Postoperatively, the patient was admitted to the ICU and was administered dopamine (5 μg/kg/min), which was progressively withdrawn. Intravenous furosemide (3 mg/kg/h) was administered for the first six hours, and the patient was extubated in the first 12 h. Acetylsalicylic acid was reinitiated after bleeding was ruled out.
The echocardiographic and clinical follow-up revealed a patent shunt, without signs of overload, with stable saturation (75–85%) until hospital discharge, with monthly multidisciplinary follow-up in cardiology and nutrition.
The choice of a central shunt over a Modified Blalock-Taussig-Thomas shunt was dictated by several factors. First, the patient’s profound hemodynamic instability required institution of cardiopulmonary bypass, which not only allowed safe retrieval of the embolized stent but also enabled construction of the central shunt through the same sternotomy and pulmonary trunk incision, thereby minimizing additional vascular trauma. Second, the patient’s low weight (2700 g) and the relatively larger caliber of the ascending aorta and main pulmonary artery provided more favorable vessel dimensions compared to the smaller right subclavian and right pulmonary arteries. Third, especially in neonates, the modified Blalock-Taussig-Thomas shunt is associated with an increased incidence of iatrogenic pulmonary artery deformation. Finally, the right pulmonary artery was preserved to maintain optimal surgical options for future staged palliation, such as Glenn or Fontan procedures, should a univentricular pathway be required.
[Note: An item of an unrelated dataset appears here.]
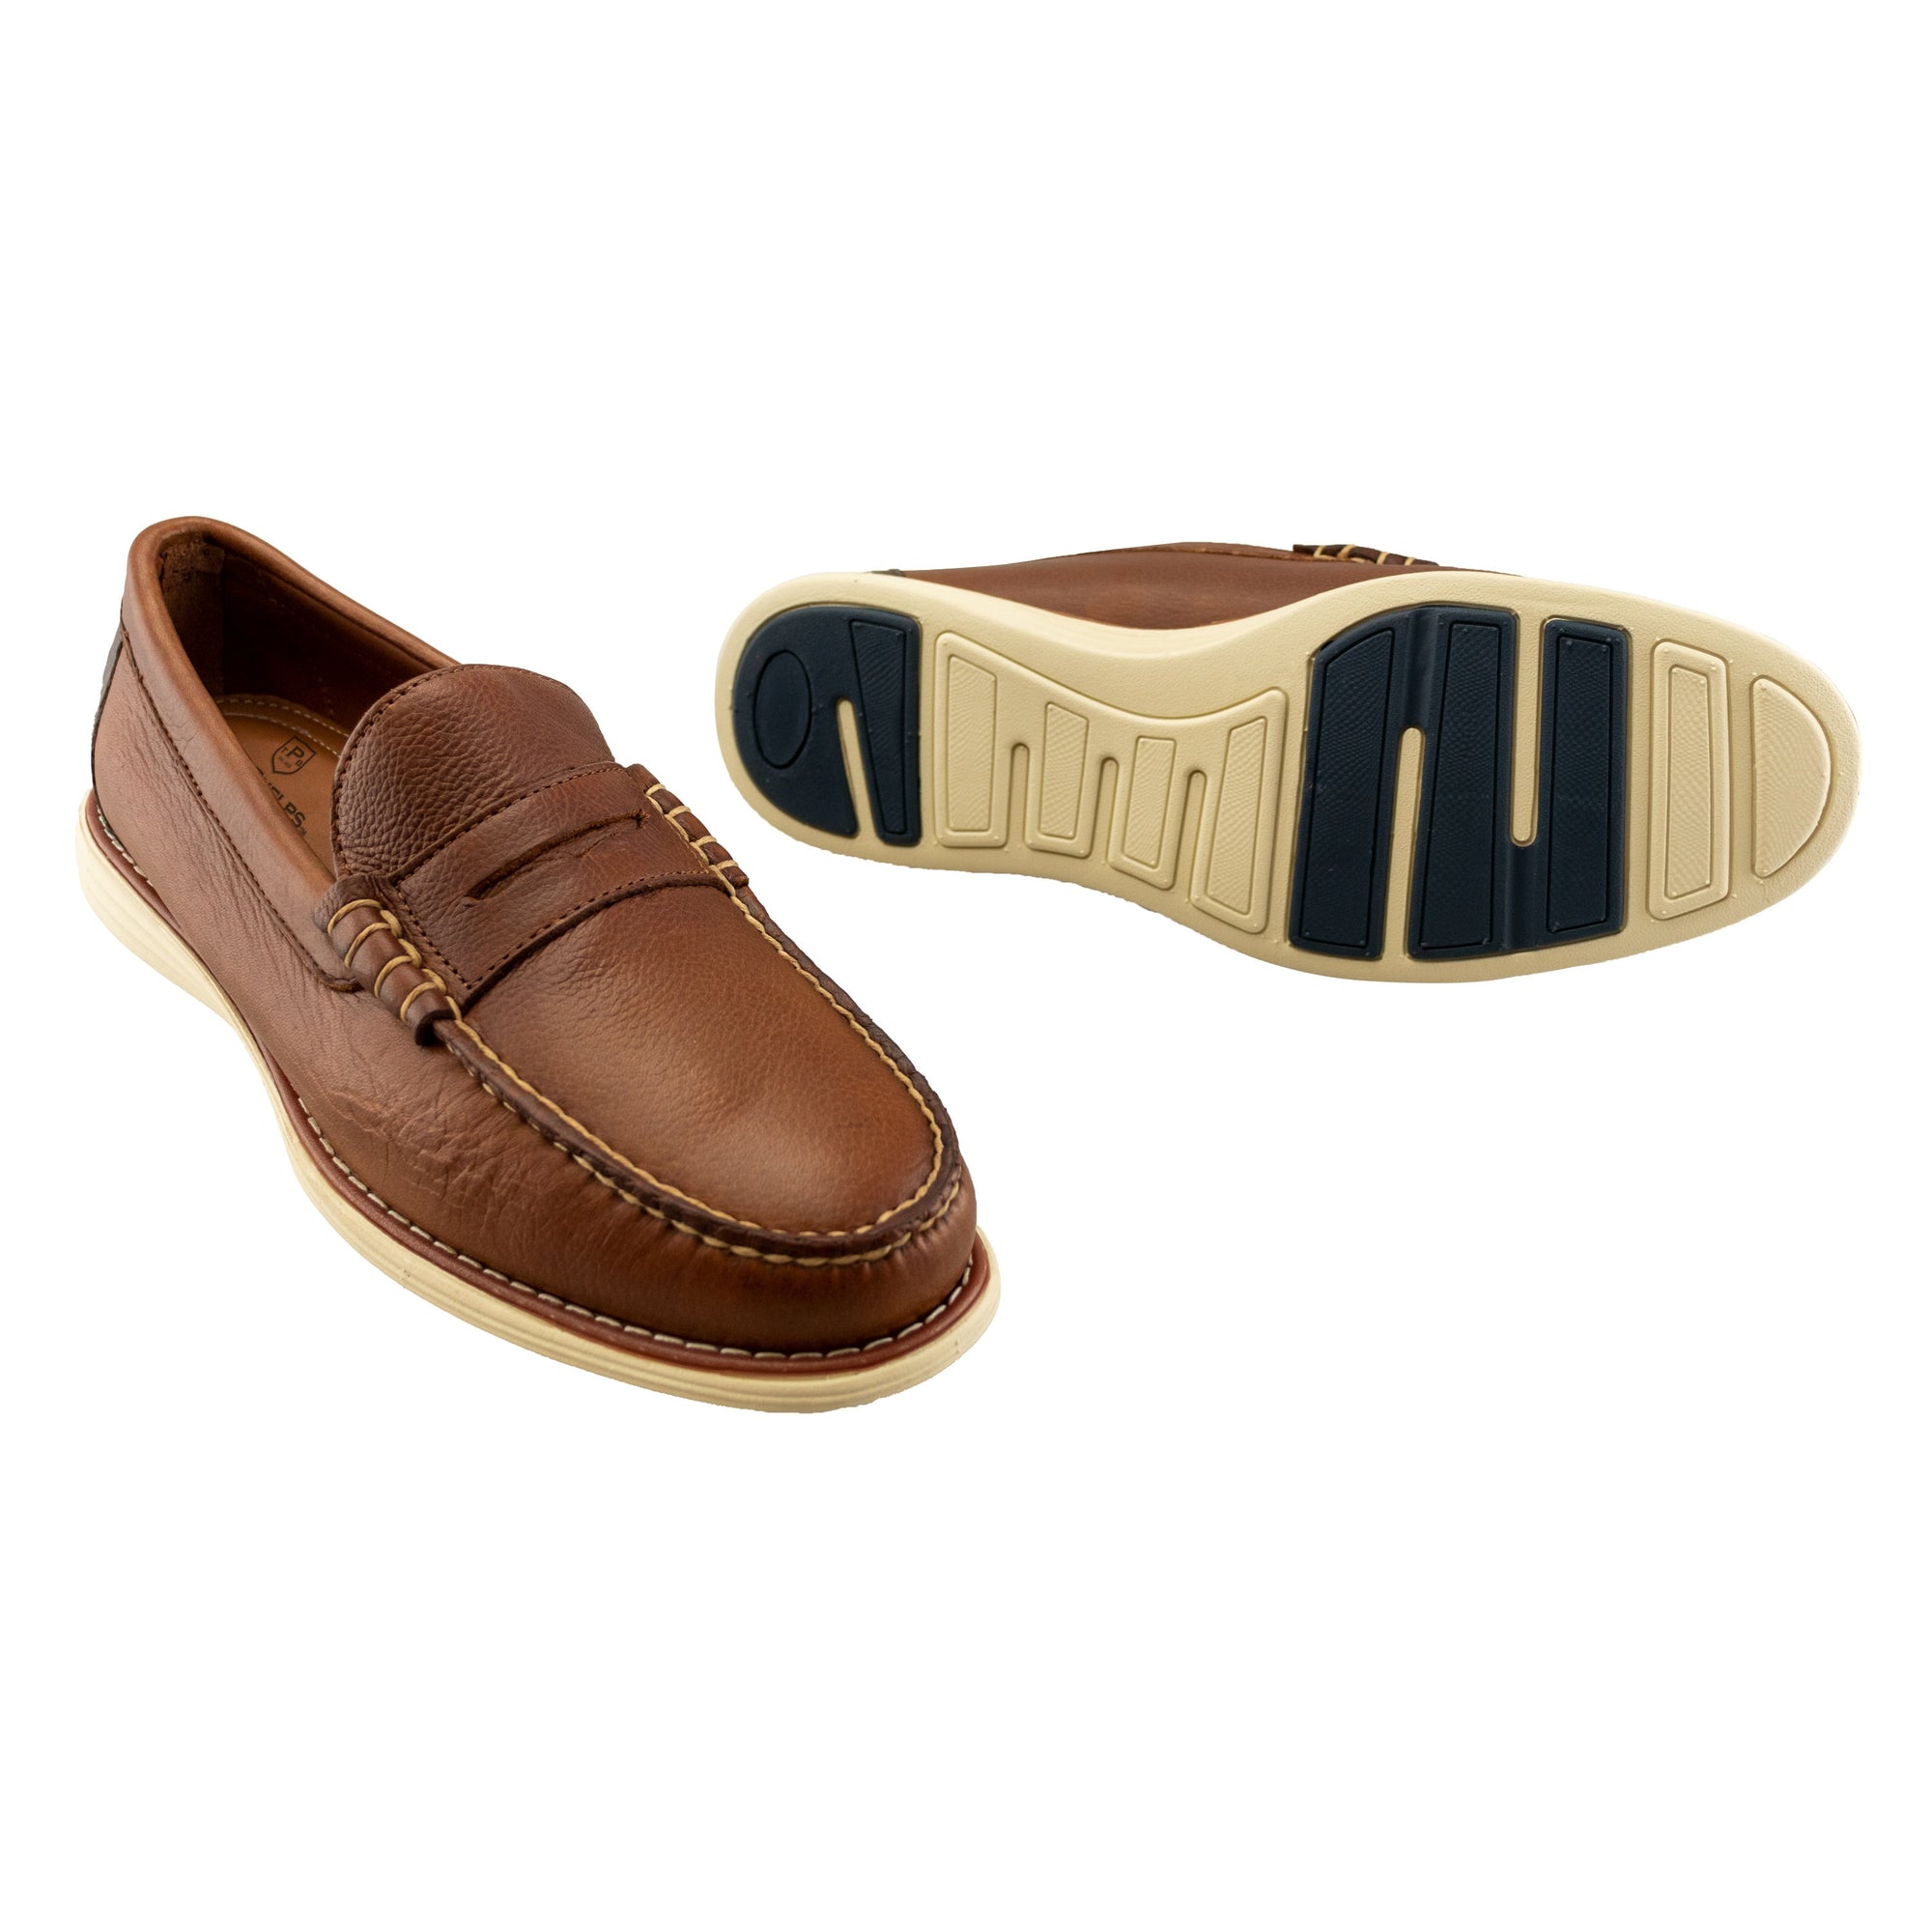 Freeport Signature Penny Loafer, Men's Loafers

In this patient with PAIVS and a severely hypoplastic right ventricle, the decision to avoid initial right ventricular decompression was based on objective severity markers. The right ventricular was bipartite, and the tricuspid valve annulus (5 mm; Z-score −4.65) together with the pulmonary valve annulus (2 mm; Z-score −10.2) confirmed severe inlet and outlet hypoplasia. In our institutional protocol, right ventricular decompression is not pursued when the tricuspid valve Z-score is <−3 or when the pulmonary valve annulus <−4. Therefore, a central systemic-to-pulmonary shunt was chosen over upfront right ventricular decompression due to the limited size and capacity of the right ventricle to support antegrade pulmonary flow. This strategy allowed stabilization, maintenance of pulmonary blood flow, and facilitation of pulmonary artery growth. At 14 months postoperatively, right ventricular decompression was performed as a second-stage procedure, resulting in adequate antegrade flow and further growth of the right ventricle.
At 24 months postsurgery, when the patient had a weight of 10 kg and a height of 80 cm, diagnostic catheterization was performed as part of the protocol for the transition to definitive palliation or repair. A patent central shunt with well-developed pulmonary branches (right 7.51 mm and left 9.38 mm) was observed (McGoon 2.59; Nakata 238.5 mm2/m2). The abdominal aorta measured 6.52 mm. Pulmonary artery systolic and diastolic pressures were 26 and 13 mmHg, respectively, with a mean pressure of 17 mmHg and a calculated pulmonary vascular resistance to systemic vascular resistance (PVR/SVR) of 0.57. The right ventricle remained hypoplastic, with a measured systolic excursion of the tricuspid annulus of 10 mm, indicating persistent reduced right ventricular systolic function. These findings suggested adequate pulmonary artery growth but limited right ventricular contribution to forward flow. A staged single-ventricle pathway was therefore considered the most likely course, with a bidirectional Glenn anticipated as the next step pending further assessment of right ventricular growth and function.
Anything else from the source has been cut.